WORK TO BE COMPLETED => The material below holds the lines to copy: from the one with "Trixie Matatabi Feather Game Toy for Cats" up to and including the one with "milky way brownie". Copy them exactly and skip the pictures.

AVAILABLE RECORDS =>
Segment Open
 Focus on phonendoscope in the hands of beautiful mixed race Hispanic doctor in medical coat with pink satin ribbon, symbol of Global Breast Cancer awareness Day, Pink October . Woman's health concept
Segment Closed
Segment Open
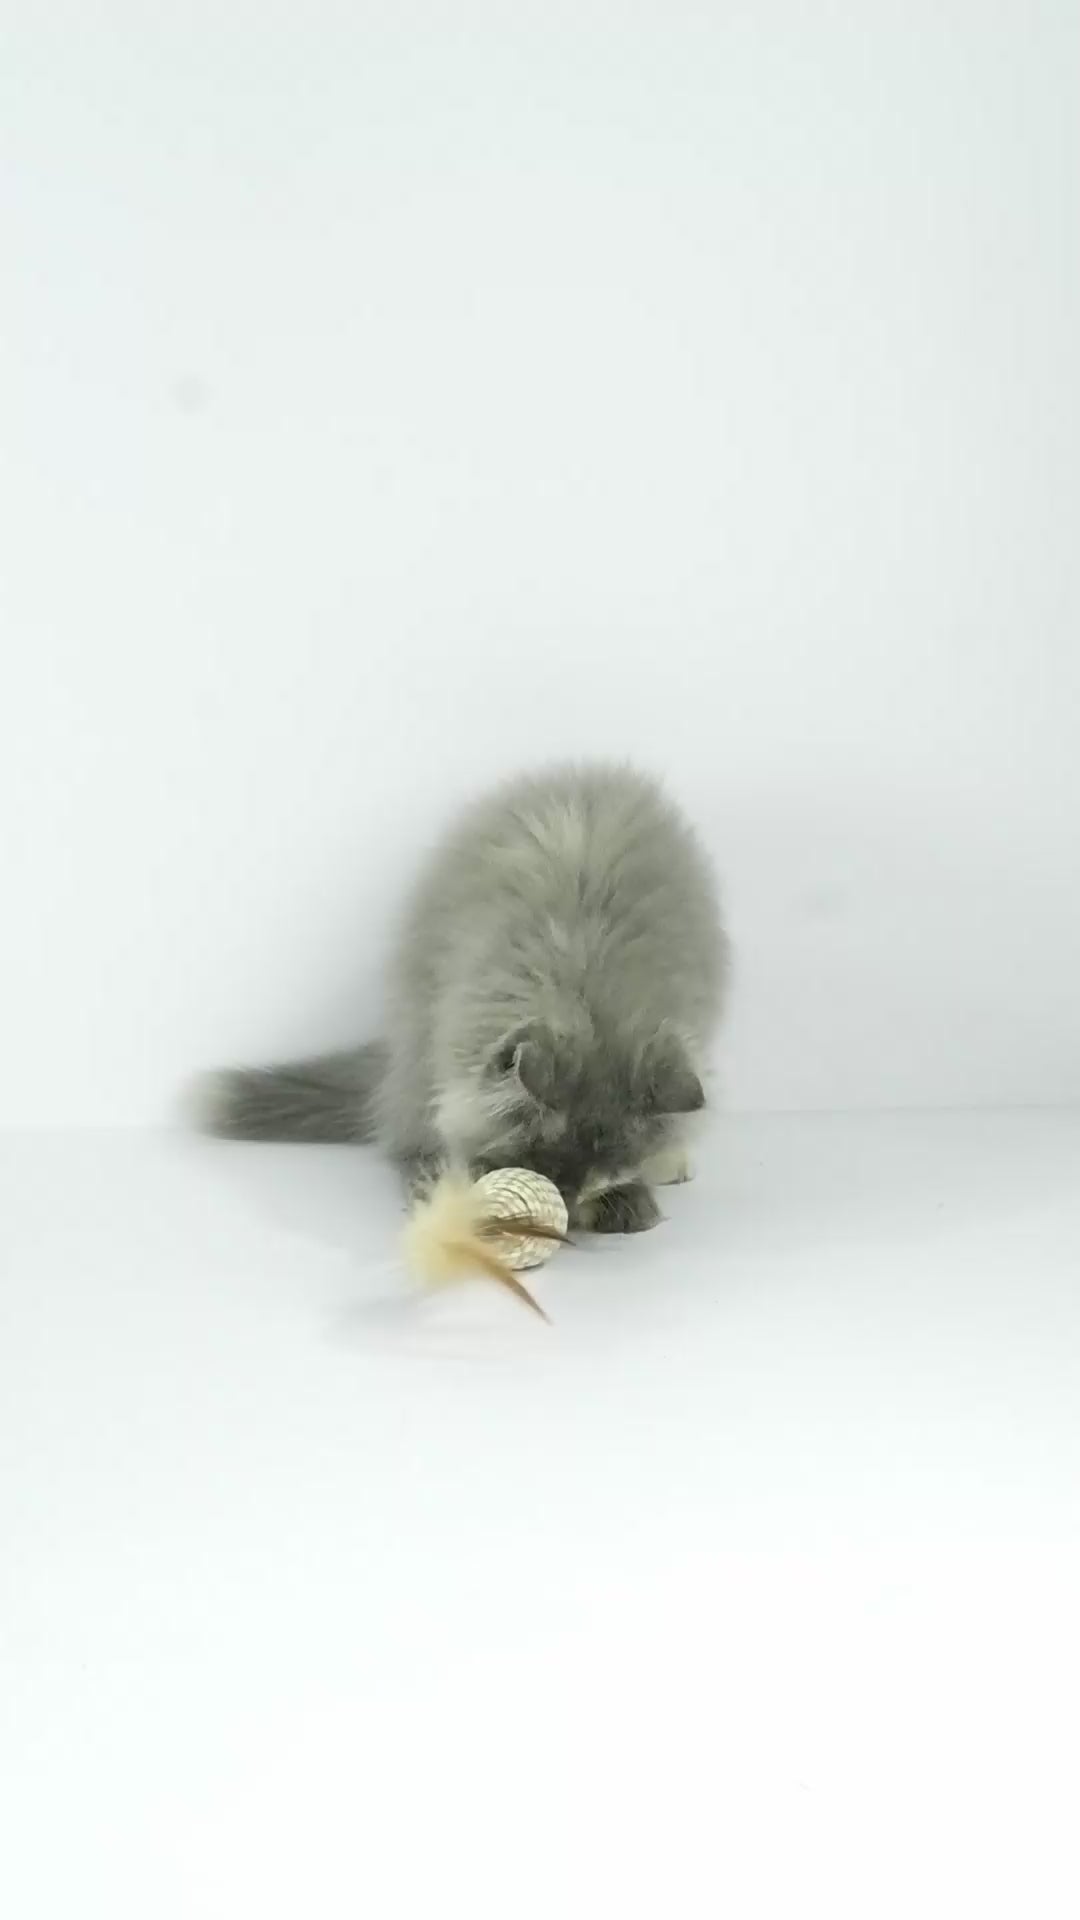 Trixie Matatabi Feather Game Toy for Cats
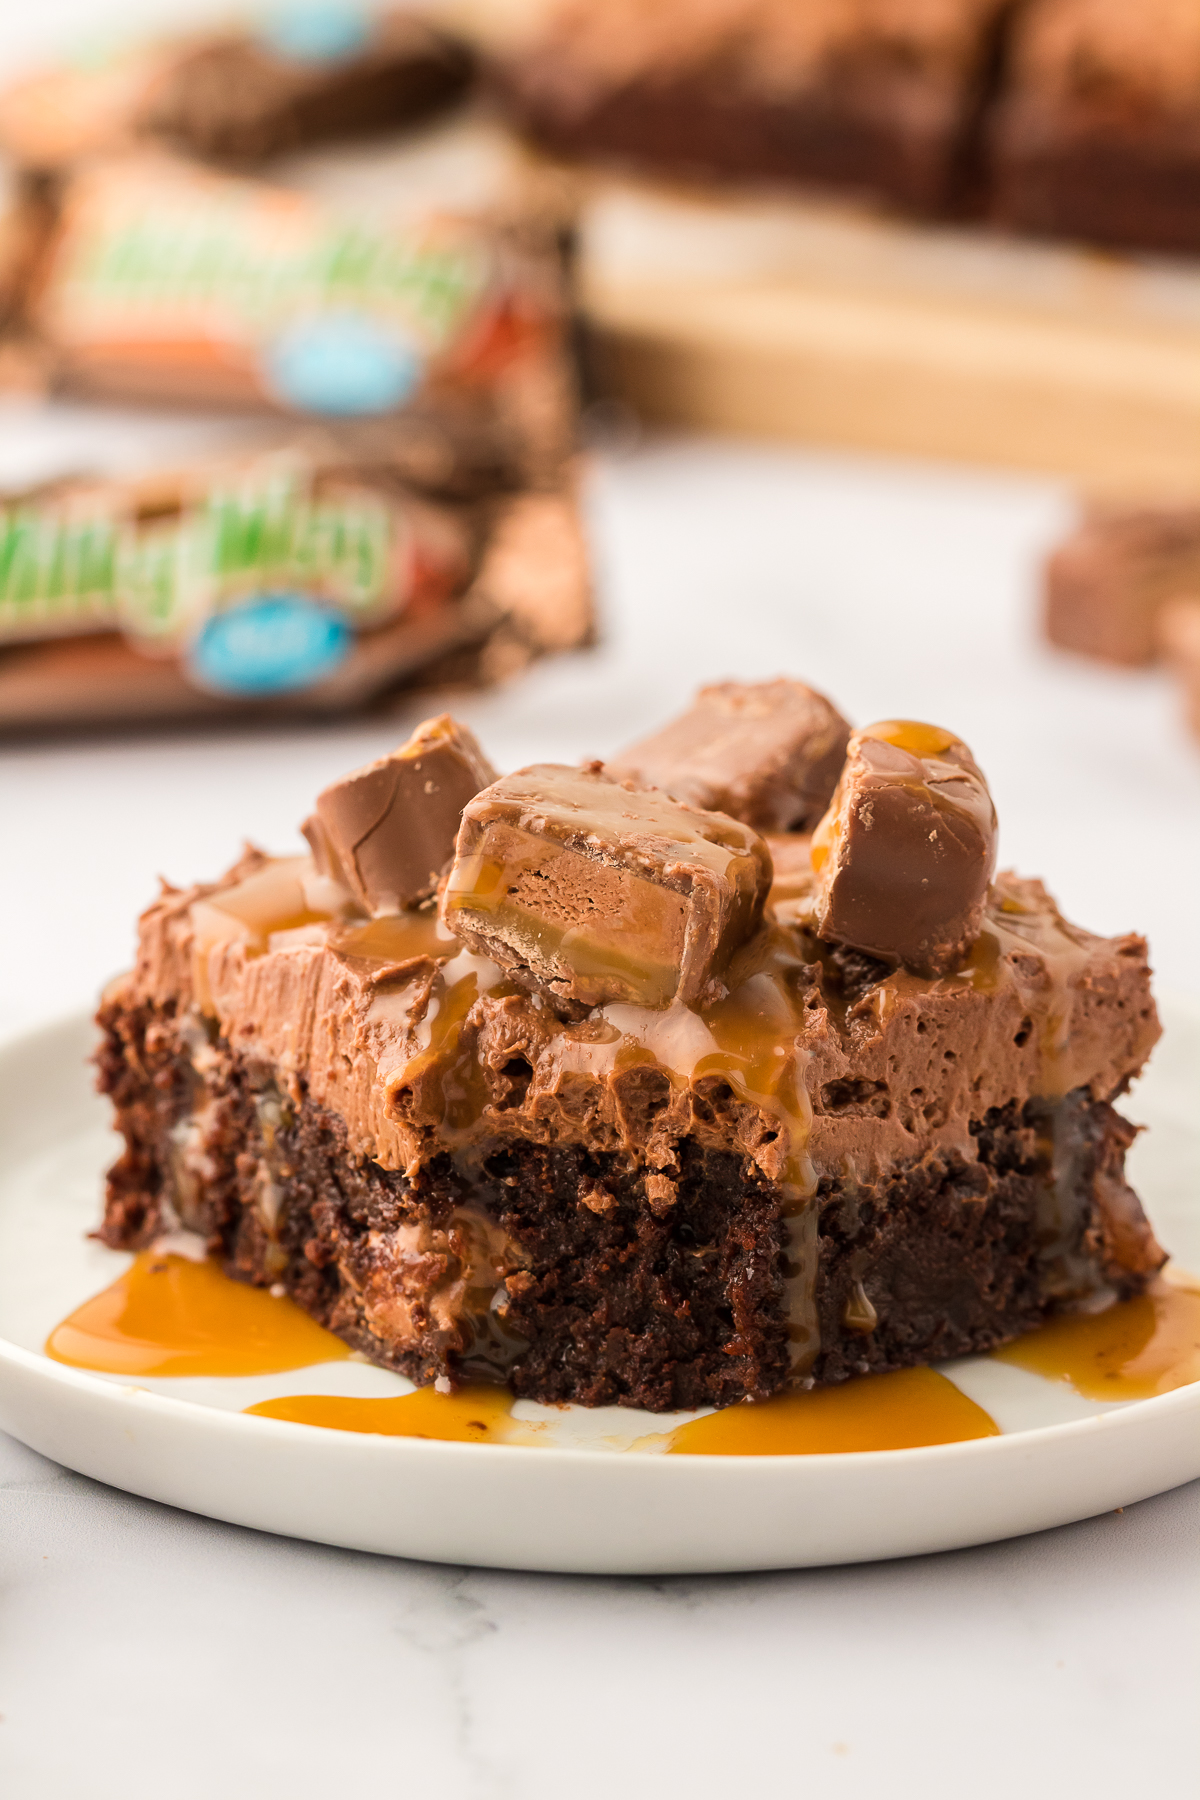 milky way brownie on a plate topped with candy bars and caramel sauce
Segment Closed
RESULT FOR THIS TASK =>
 Trixie Matatabi Feather Game Toy for Cats
 milky way brownie on a plate topped with candy bars and caramel sauce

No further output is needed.